LAUSR

Background Sulodexide has pleiotropic properties within the vascular endothelium that can prove beneficial for the treatment of patients with COVID-19. We aimed to evaluate the effect of sulodexide when used in the early clinical stages of COVID-19. Methods In an outpatient setting, we conducted a randomized controlled trial with a parallel-group design. Including patients within three days of clinical onset, who were at a high risk of severe clinical progression due to chronic comorbidities. Participants were randomly assigned to receive an oral dose of sulodexide (500 LRU twice a day) or placebo for 21 days. Primary outcomes were need-length of hospitalization and need-length of oxygen support. Results Between June 5 and August 30, 2020, 243 patients were included in the per-protocol analysis. 124 of them received sulodexide, while 119 received placeboes.

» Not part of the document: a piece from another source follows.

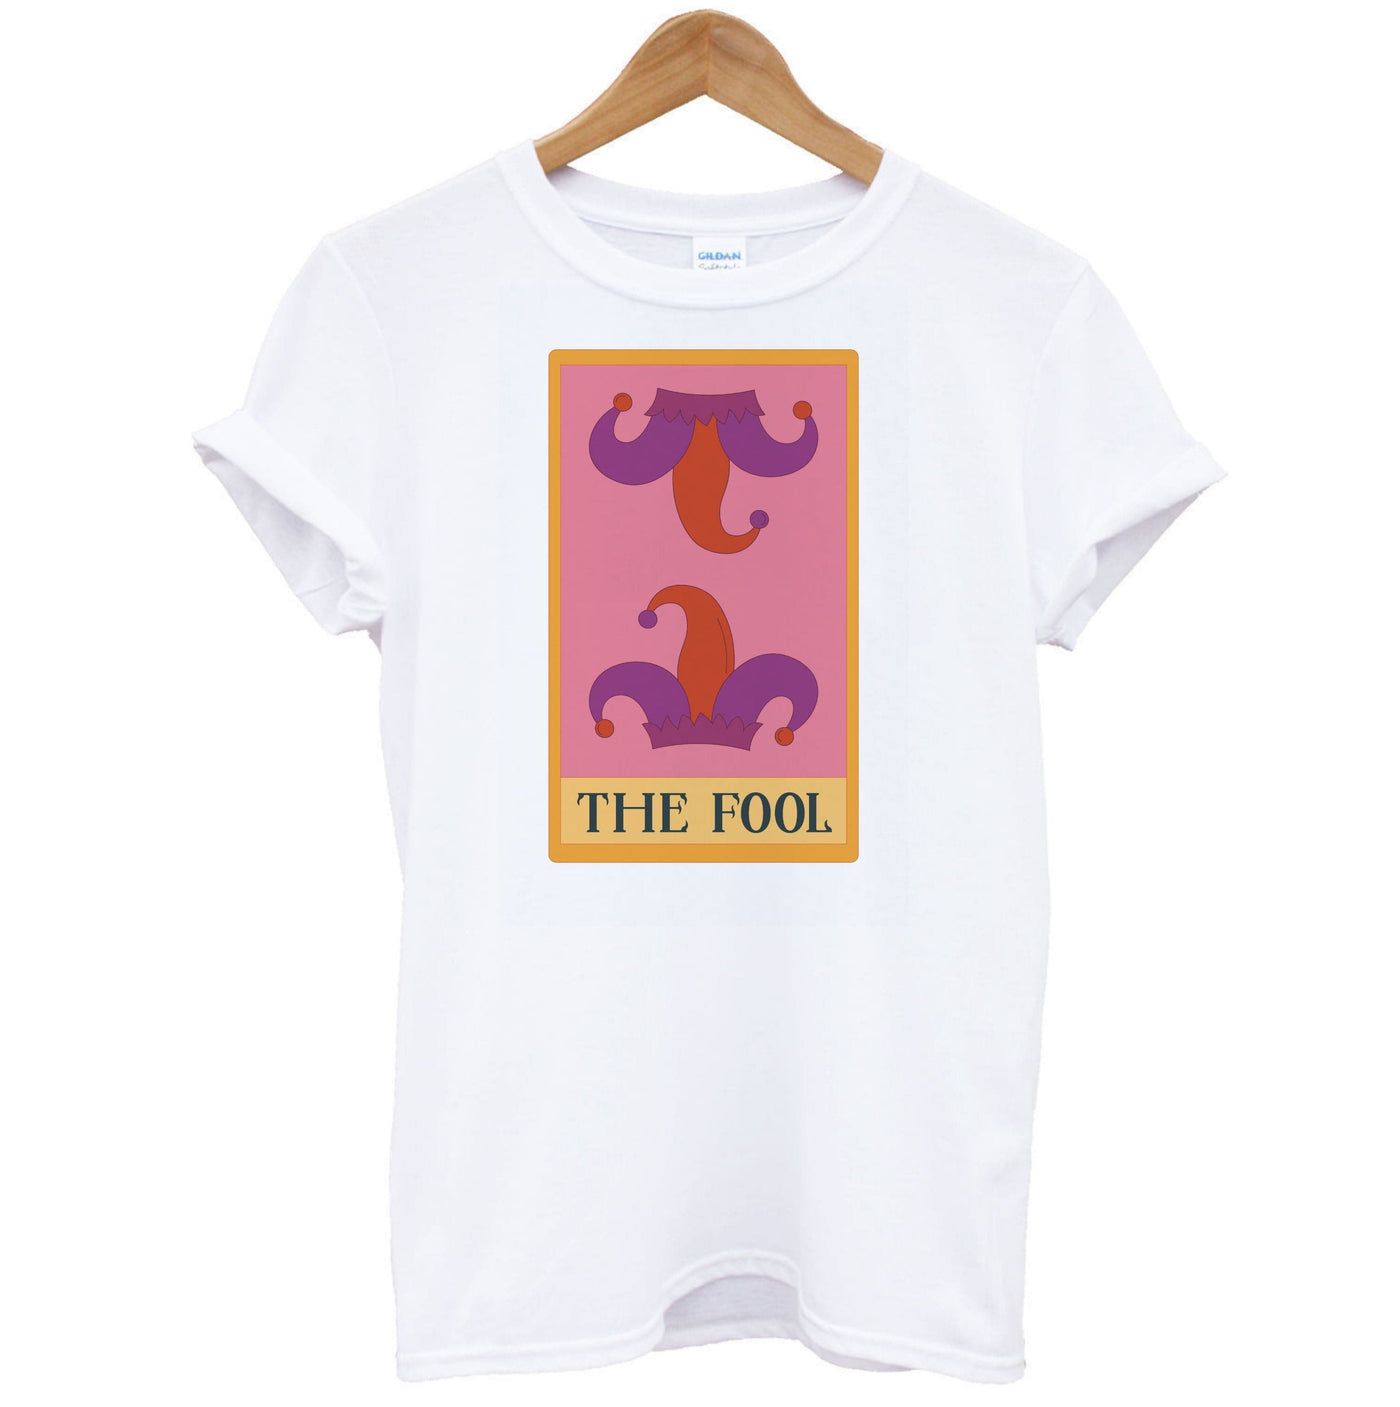 The Fool - Tarot Cards T-Shirt

At 21 days follow-up, 17.7% patients required hospitalization in the sulodexide group compared to 29.4% in the placebo group, p=0.03. 29.8% required oxygen support in the sulodexide group vs 42% in the placebo group, p=0.05 and for fewer days [9 (7.2 SD) in the sulodexide group vs. 11.5 (9.6 SD) in the placebo group; p=0.02]. There was no between-group difference concerning the length of hospital stay. Interpretation Early intervention in COVID-19 patients with sulodexide reduced hospital admissions and oxygen support requirements. This has beneficial implications in the patient's well-being, making sulodexide a favorable medication until an effective vaccine or an antiviral becomes available. Funding Researcher independently initiated, partially funded by Alfasigma, Mexico. ISRCTN registry listed under ID ISRCTN59048638.